As far as the Labour party is concerned, too, there's the whole issue _vis a vis_ entryism that the party has made sure that most mechanisms for voicing dissent, formulating policy and otherwise bringing the party into line with the membership, rather than _vice versa_, have been dissolved.
This means that any attempt at entryism not only has to navigate the issues I mention above, but also (and concurrently) reconstruct and add to mechanisms of accountability that would genuinely put the membership in the driving seat.

That is *not* going to happen, however much wishful thinking is done on your part.



> Yes people are deeply sceptical about (Labour) politicians at present - and with bloody good reason. But there is still a sense that Labour has betrayed us because it ought to be/have been our party.

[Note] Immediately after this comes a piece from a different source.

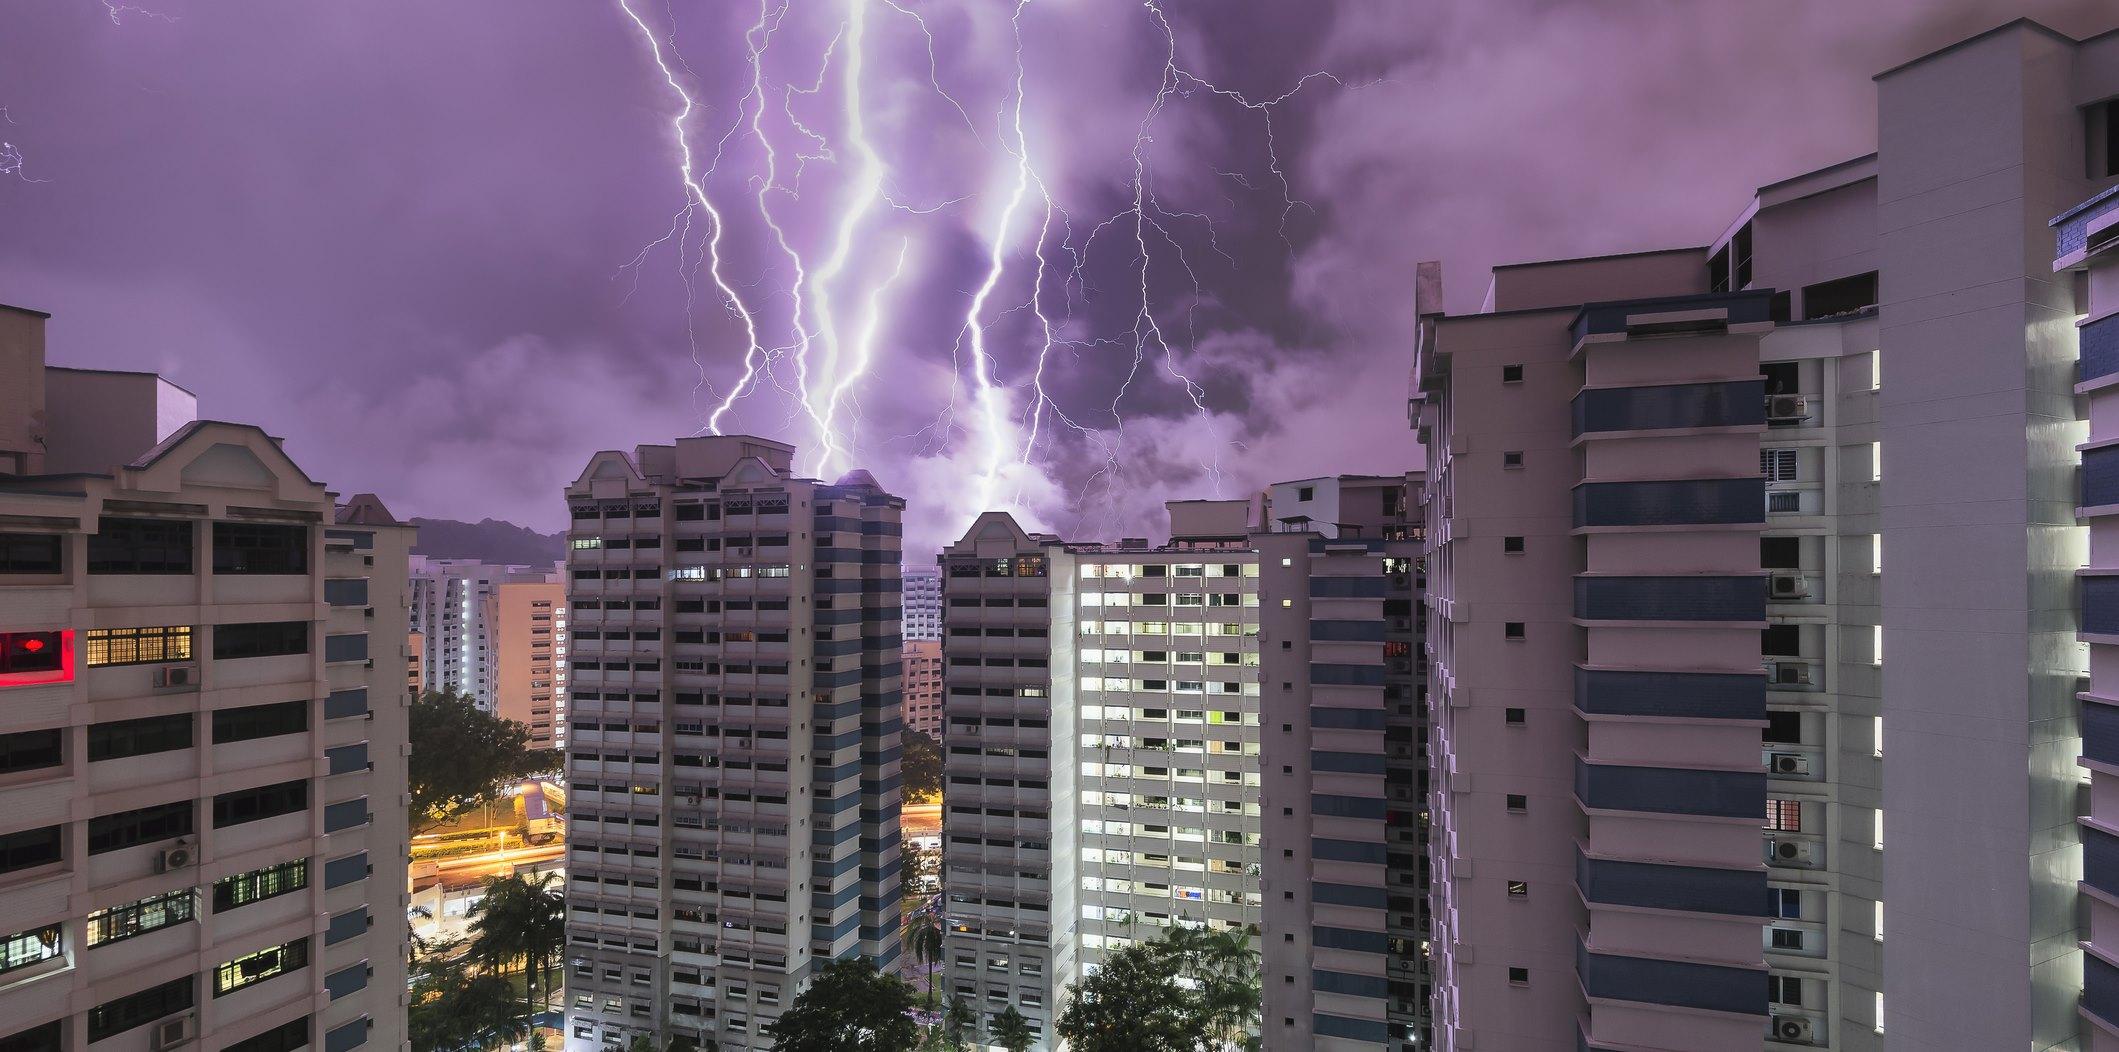 Singapore HDB flat and thunderstorm at night

I believe you're wrong. I believe that most people *expect* some form of betrayal from party politicians, so I don't think that "betrayal" is that much of an issue. By the end of Blair's first government most people who had any interest in politics had clearly been shown that Blair was merely another neo-liberal, albeit one who pretended to empathise with the people he was shitting on. What does appear to be an issue is the nakedness with which policies that are counter to the interests of the mass of the electorate have been pursued by all of the mainstream political parties with virtually *no* pretence at empathy, and every sign of contempt for those whose votes put them in a position of power.


----------



## dynamicbaddog (Oct 8, 2011)

frogwoman said:


> As for being an actually existing organisation with trade union support - have you noticed that ed milliband and co are trying their best to distance themselves from the unions, are talking about diluting their influence on Labour,


so what?
this is nothing new, the leadership has always wanted  to cut it's ties with the unions (read Rob Sewell's In The Cause of Labour for a detailed history of this).


----------



## frogwoman (Oct 8, 2011)

dynamicbaddog said:


> so what?
> this is nothing new, the leadership has always wanted to cut it's ties with the unions (read Rob Sewell's In The Cause of Labour for a detailed history of this).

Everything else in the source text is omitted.